19  Lab Set 4

Note

The preview of this template is rendered in HTML. However, all assignments must be rendered in PDF for submission on Canvas. The textstat_tools repository is already set up to do this for you. Be sure to follow the directions including the installation of tinytex.

19.1 Cluster analysis

19.1.1 Task 1

Which linkage method gives the strongest clustering structure?

Your response

19.1.2 Task 2

Looking at both the biplot and the variable contributions, first describe the clustering patterns, then posit an explanation for them.

Your response

19.2 Time series

19.2.1 Task 1

Why might it be important to periodize data from “the ground up” (using a technique like VNC), rather than just splitting data into intervals of, say, 10, 25, or 50 years?

Your response

Following the conventions described in Brezina (pgs. 240-241) report the results produced by the “witch hunt” VNC.

Your response

19.3 Sentiment analysis

19.3.1 Task 1

From the last plot, it’s clear that most sentences return zero counts of sentiment (either positive or negative).
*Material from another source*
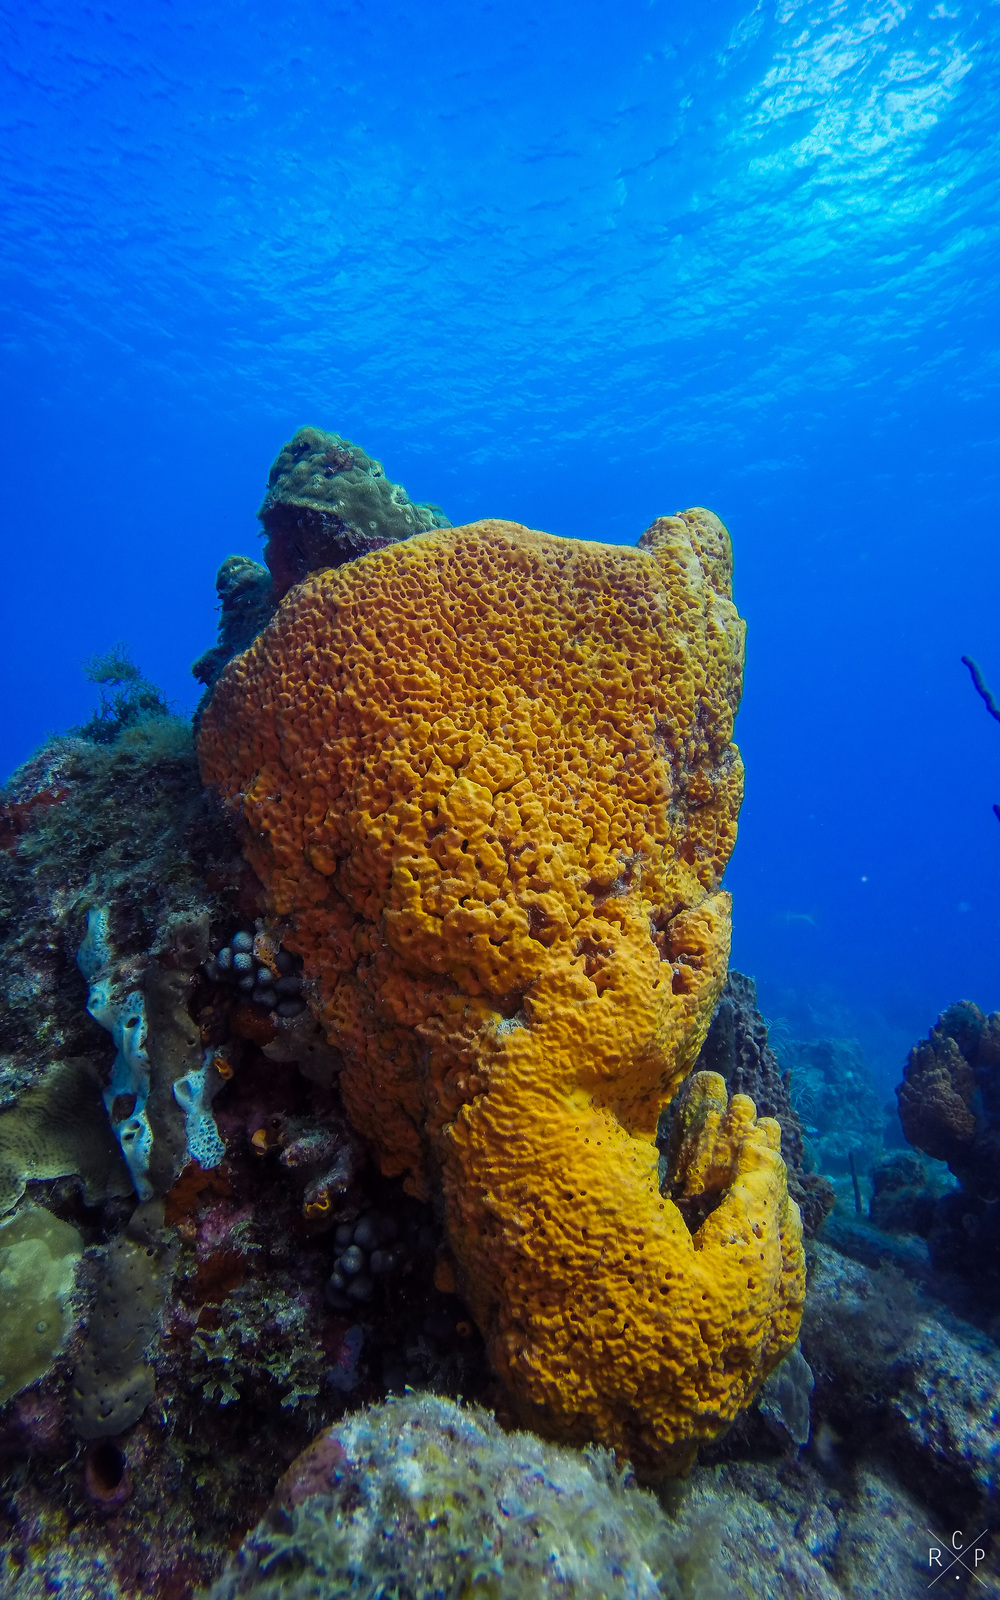 Orange Coral - La Piscine, Jacque Cousteau Underwater Reserve, Guadeloupe 11/04/2016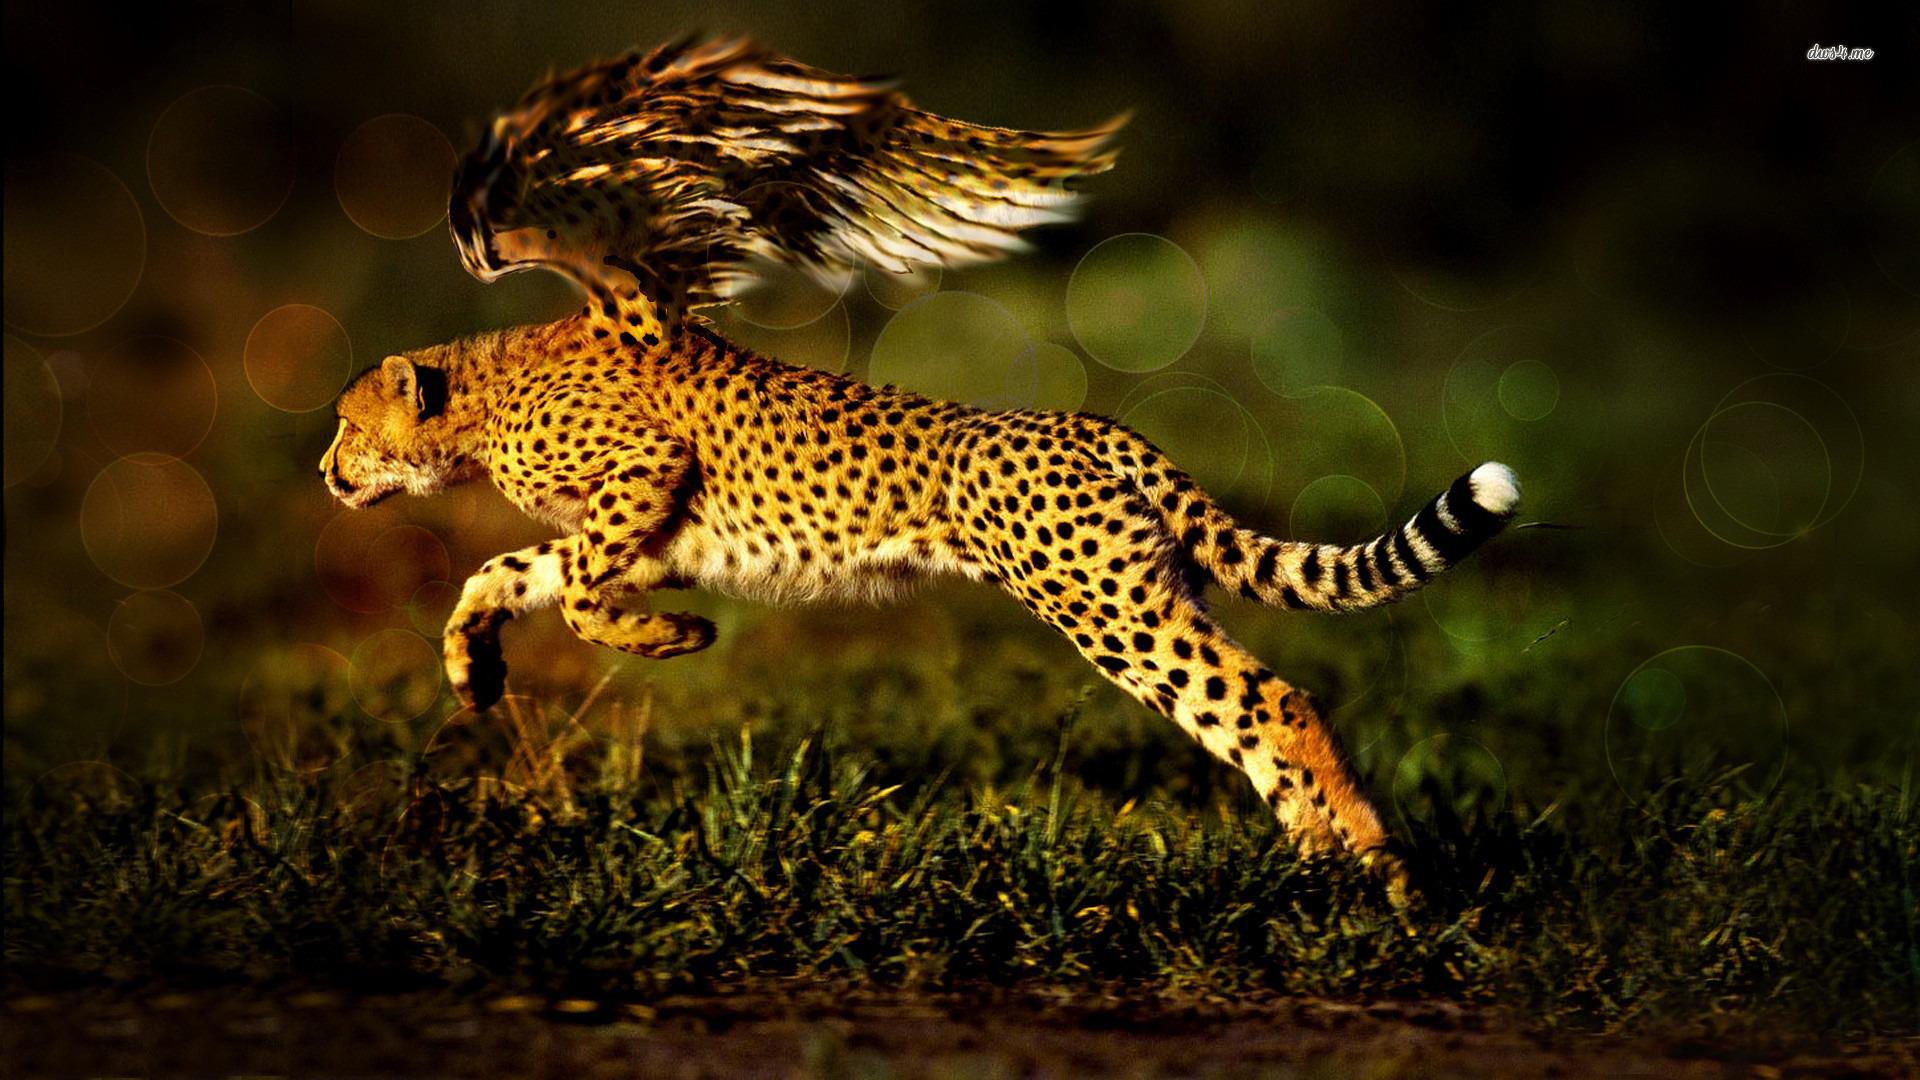 3 cheetah hd wallpapers backgrounds wallpaper abyss

Additionally, the data are noisy. It’s worth asking then: Is sentiment a useful measure here? Sure, the plots are cool, at least in so much as we can return something that broadly conforms to our human understanding of these novels (whether they’re a rags-to-riches story, a tragedy, etc.). But is this useful? Can you imagine a potential application that would engage with an interesting research question?

Your response